* INSTRUCTIONS FOR THE TASK *
Write out the lines of the material below exactly, beginning at the line with "giustizia bilancia notaio" and stopping after the line with "Electrode arrangement for", and leave out the pictures.

* MATERIAL PROVIDED *

+ + +

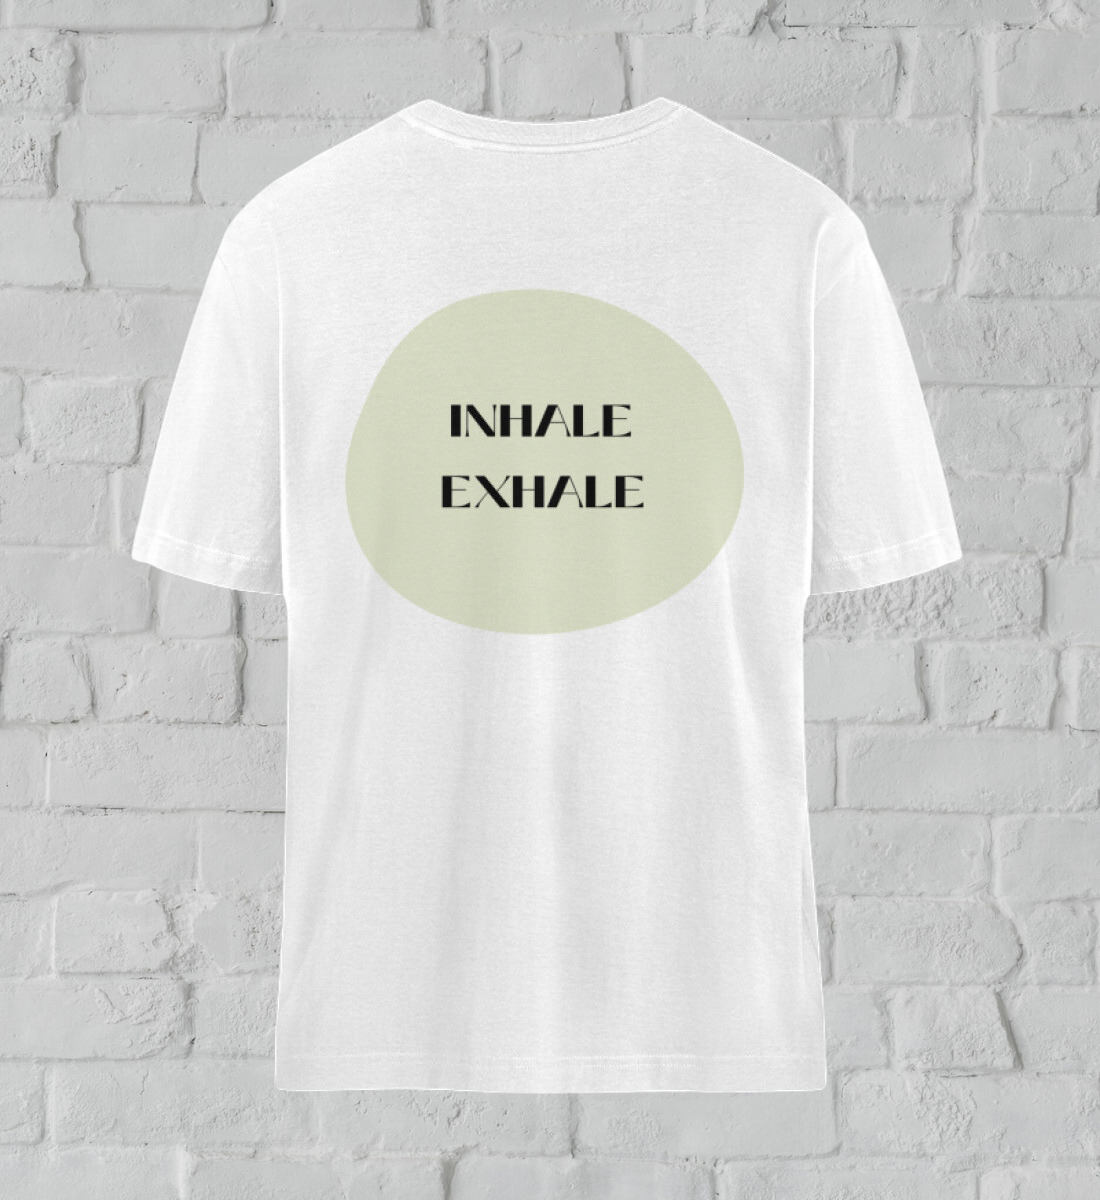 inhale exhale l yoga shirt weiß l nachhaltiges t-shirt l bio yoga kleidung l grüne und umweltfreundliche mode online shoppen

+ + +

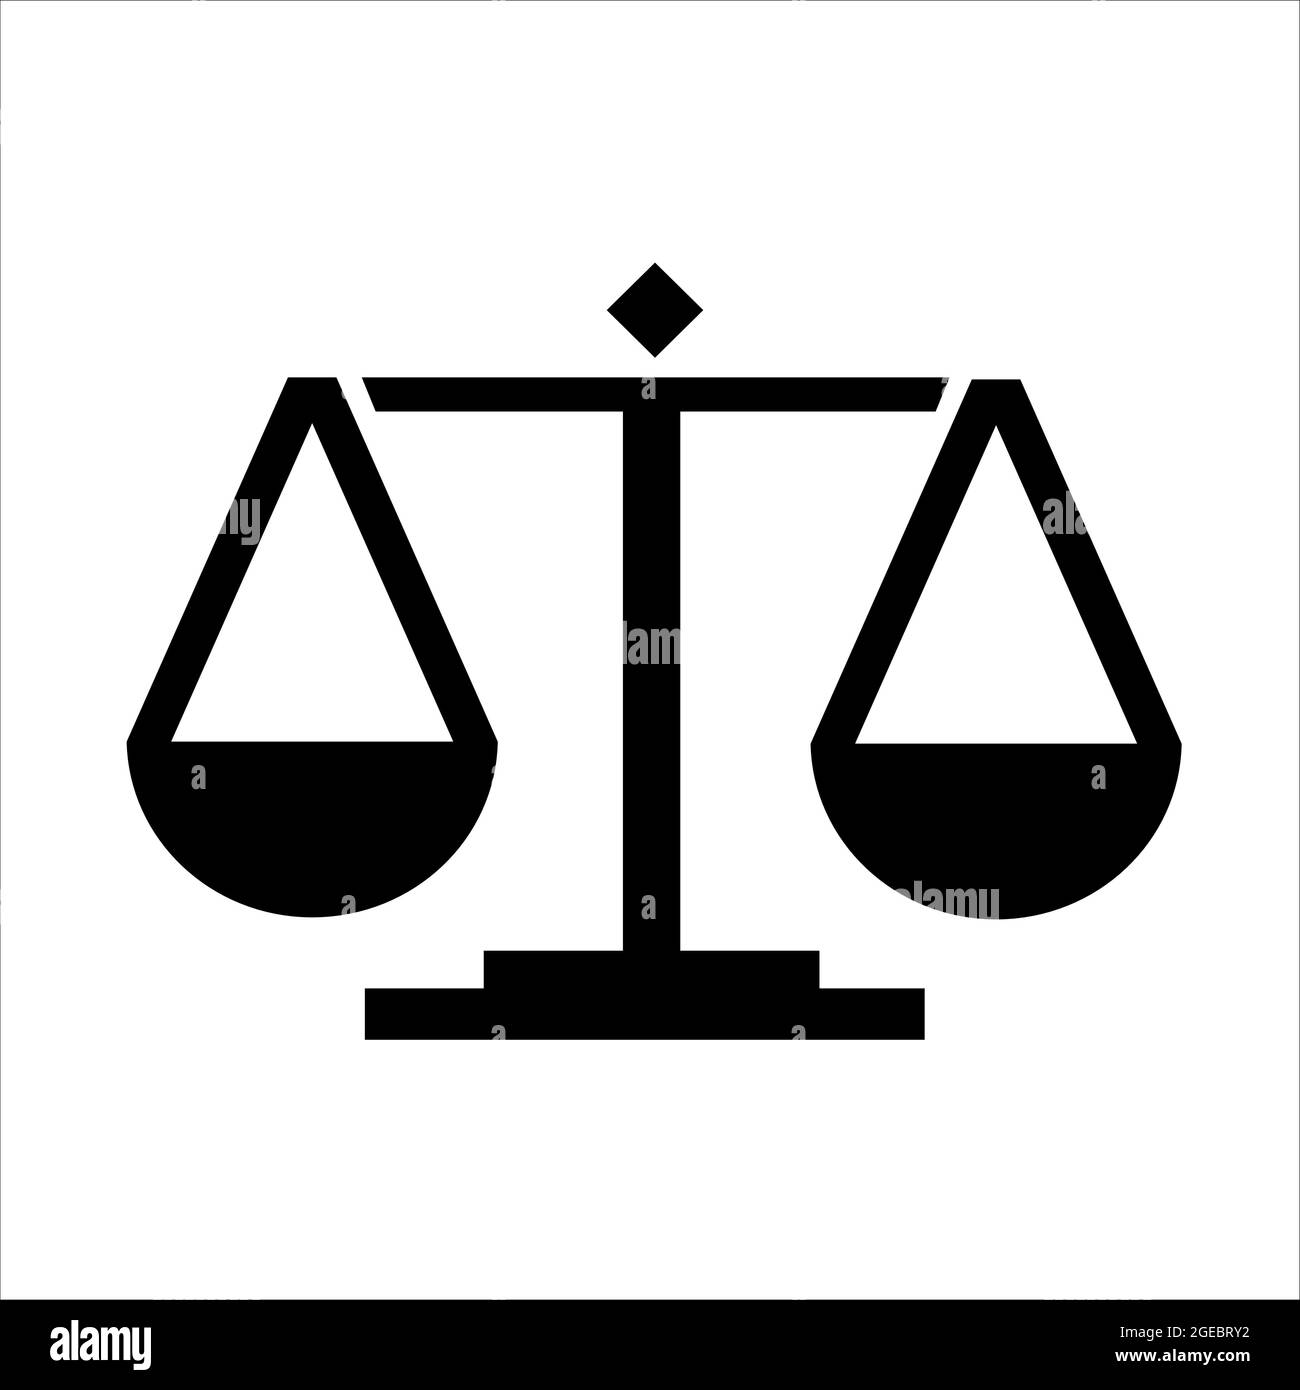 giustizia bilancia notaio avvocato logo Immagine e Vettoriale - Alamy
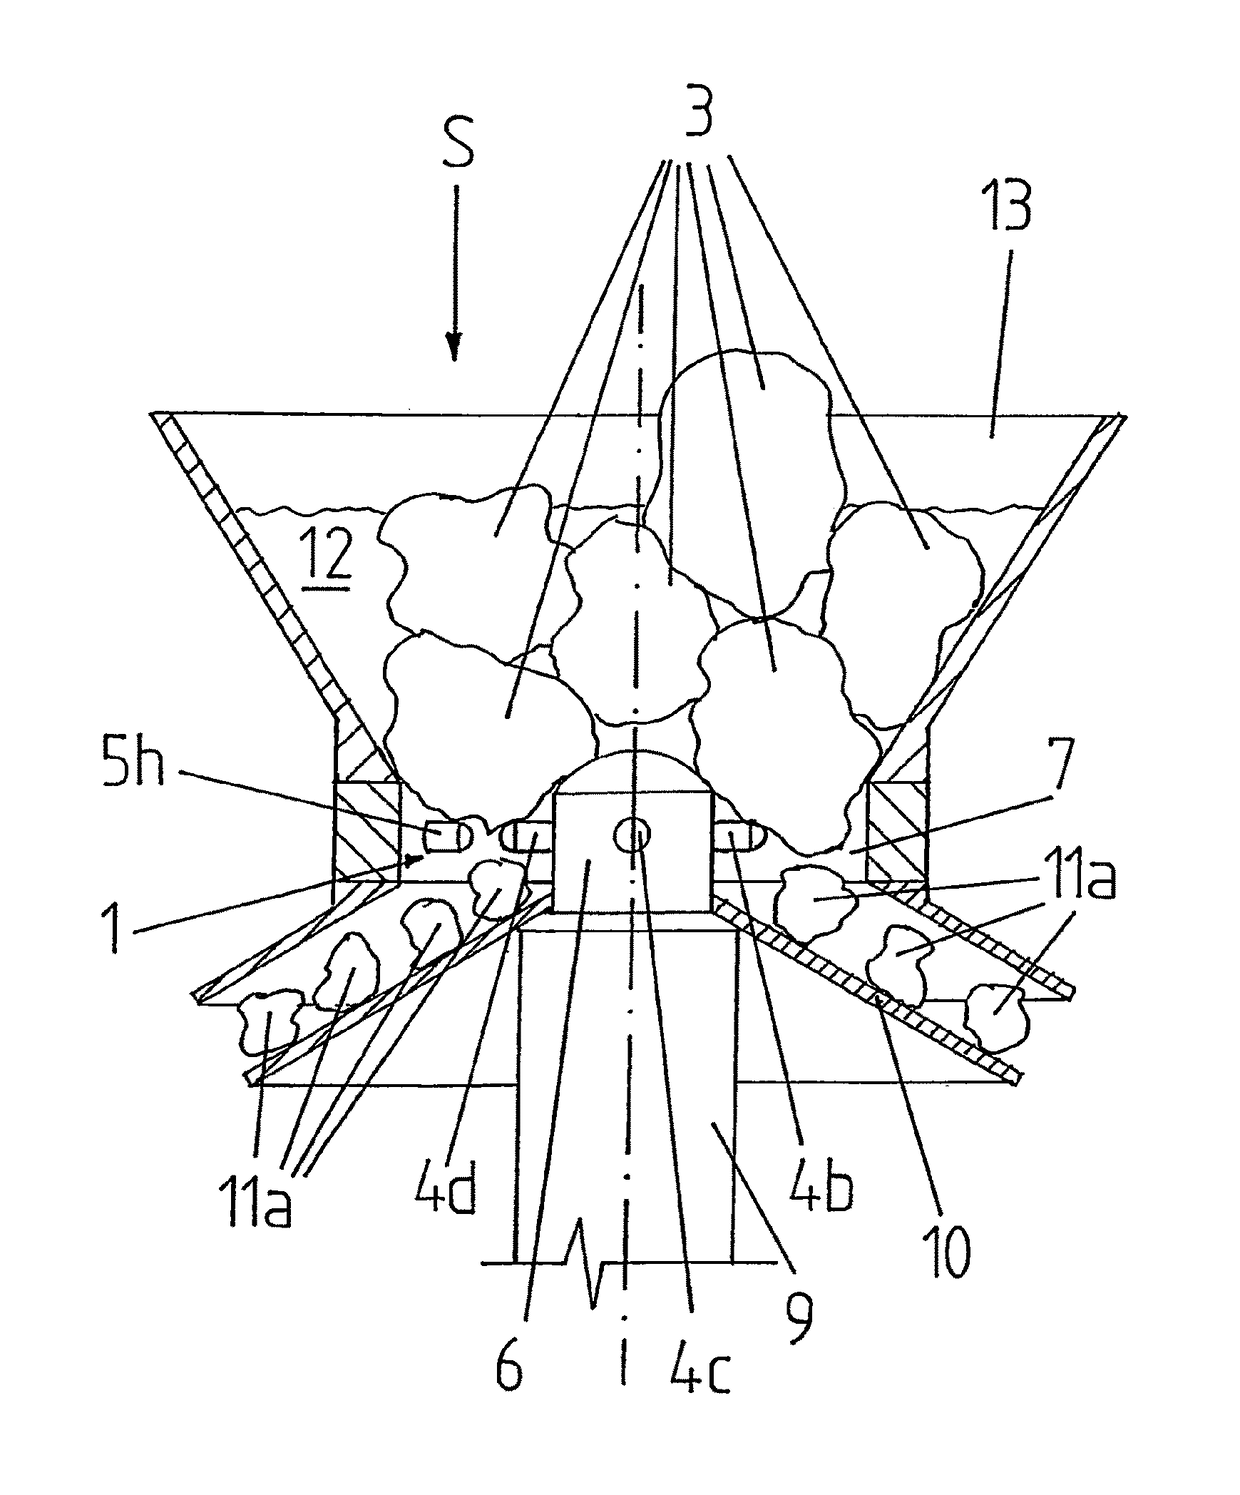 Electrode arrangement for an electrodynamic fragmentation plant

+ + +

* YOUR SOLUTION *
 giustizia bilancia notaio avvocato logo Immagine e Vettoriale - Alamy
 Electrode arrangement for an electrodynamic fragmentation plant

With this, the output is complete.